The younger (or more neurotic) the study participants were, the more
likely they were to dislike the word and the more disgust bodily functions provoked,
the less they liked moist. Still,
although the researchers didn’t try to prove it, it’s doubtful many would have
declined a slice of a nice, moist chocolate cake.
Using dark chocolate makes for the ultimate moist chocolate cake and it’s ideal to serve with brandy infused cream. The preparation time is between 30-40 minutes, cooking takes 60-90 minutes and it’s ready to serve as soon as cooled. This recipe will yield a cake of 12-14 slices.
Ingredients (chocolate cake)
200 g dark chocolate (about 60-75% cocoa
solids), chopped
200 g butter, cubed
1 tablespoon instant coffee granules
85 g self-raising flour
85 g plain flour
¼ teaspoon bicarbonate of soda
200 g light muscovado sugar
200 g golden caster sugar
25 g cocoa powder
3 medium eggs
75 ml buttermilk
50 g grated chocolate or 100 g curls, to
decorate
Ingredients (ganache)
200 g dark chocolate (about 60% cocoa solids),
chopped
300 ml double cream
2 tablespoons golden caster sugar
Instructions
(1)
Heat oven to 160C (fan-forced) / 140C (gas level 3). Butter and line a 300 mm round (75 mm deep) cake
tin.
(2)
Put 200g chopped dark chocolate in medium pan with 200g butter.
(3)
Mix 1 tablespoon instant coffee granules into 125 ml cold water and pour into pan.
(4)
Warm over a low heat just until everything is melted (DO NOT overheat). Alternatively,
melt in microwave (should take 3-5 minutes), stirring after 2 minutes.
(5)
Mix 85 g self-rising flour, 85 g plain flour, ¼ teaspoon bicarbonate of soda, 200 g
light muscovado sugar, 200 g golden caster sugar and 25 g cocoa powder; squash
mix until lump-free.
(6)
Beat 3 medium eggs with 75 ml buttermilk.
(7)
Pour melted chocolate mixture and egg mixture into the flour mixture and stir
everything to a smooth (quite runny) consistency.
(8)
Pour this into tin and bake for 85-90 minutes.

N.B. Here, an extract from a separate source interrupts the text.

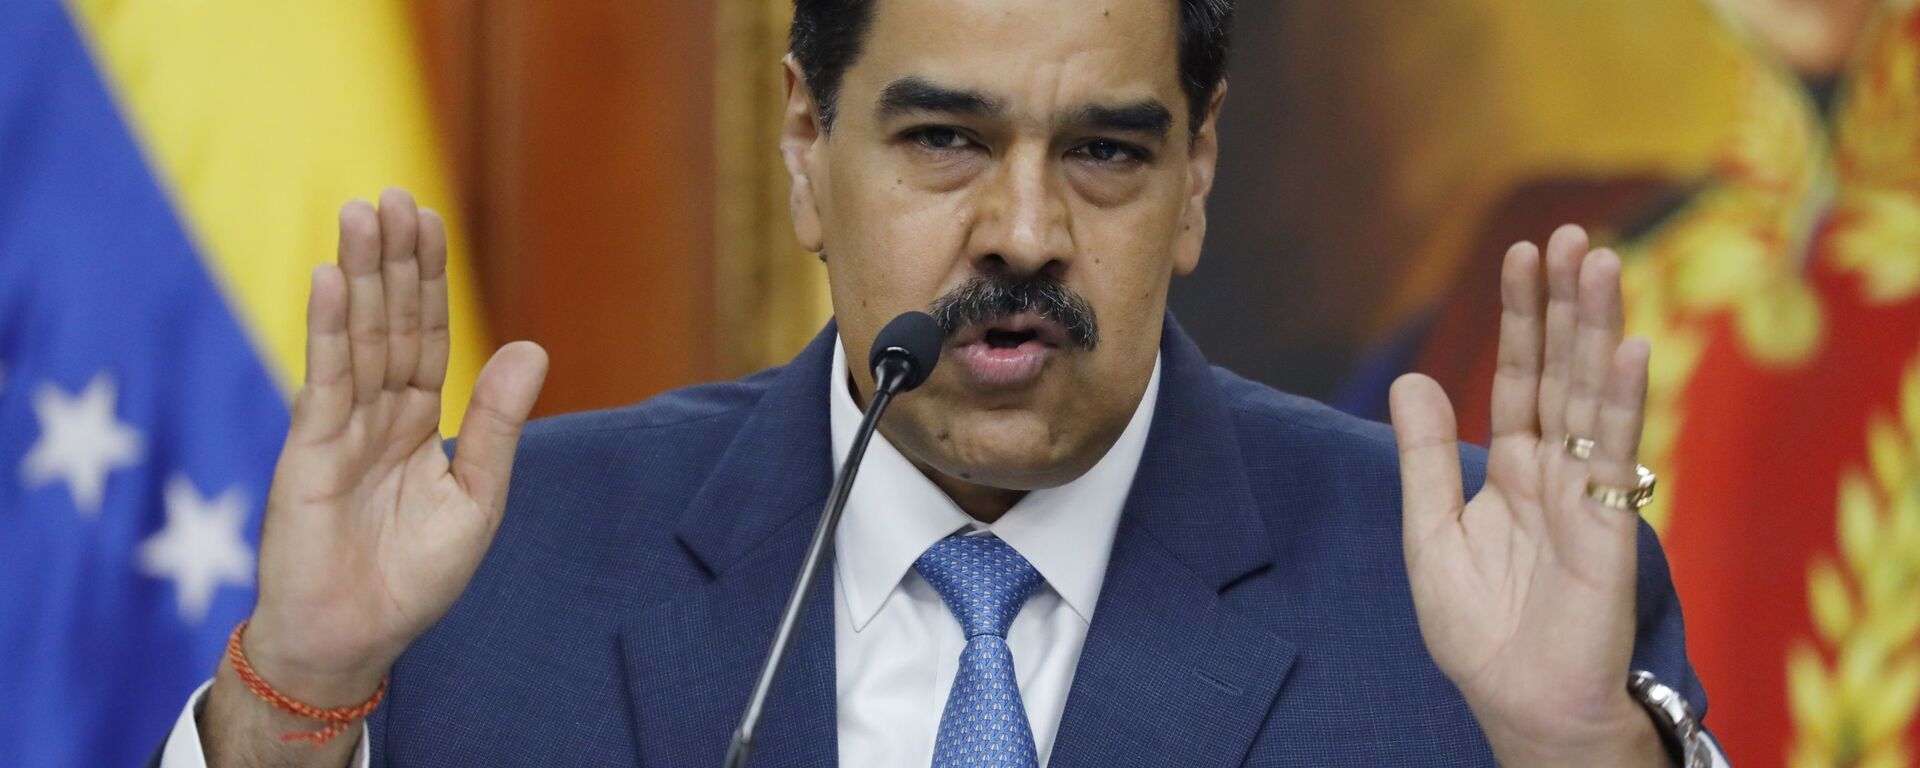 Nicolás Maduro, el presidente de Venezuela - Sputnik Mundo, 1920, 31.05.2021

To test, push a skewer into the centre and (1) it should come out clean
and (2) the top should feel firm (surface cracking is normal and indicates
perfectly cooked).
(9)
Leave to cool in tin (during this, it will likely dip a little), then turn out
onto a wire rack to cool completely. Cut cold cake horizontally into three.
(10)
To make the ganache, put 200 g chopped dark chocolate in a bowl. Pour 300 ml
double cream into a pan, add 2 tablespoons golden caster sugar and heat until mix
is at the point of boiling.
(11)
Immediately remove mix from heat and pour it over the chocolate. Stir until the chocolate has melted and the
mixture is smooth. Cool until it becomes
a little cooler but remains pourable.
(12)
Sandwich the layers together with just a little of the ganache. Pour the rest
over the cake letting it fall down the sides; smooth over any gaps with a
palette knife.
(13)
Decorate with 50 g grated chocolate or 100 g chocolate curls. The cake will
keep “moist and gooey” for 3-4 days.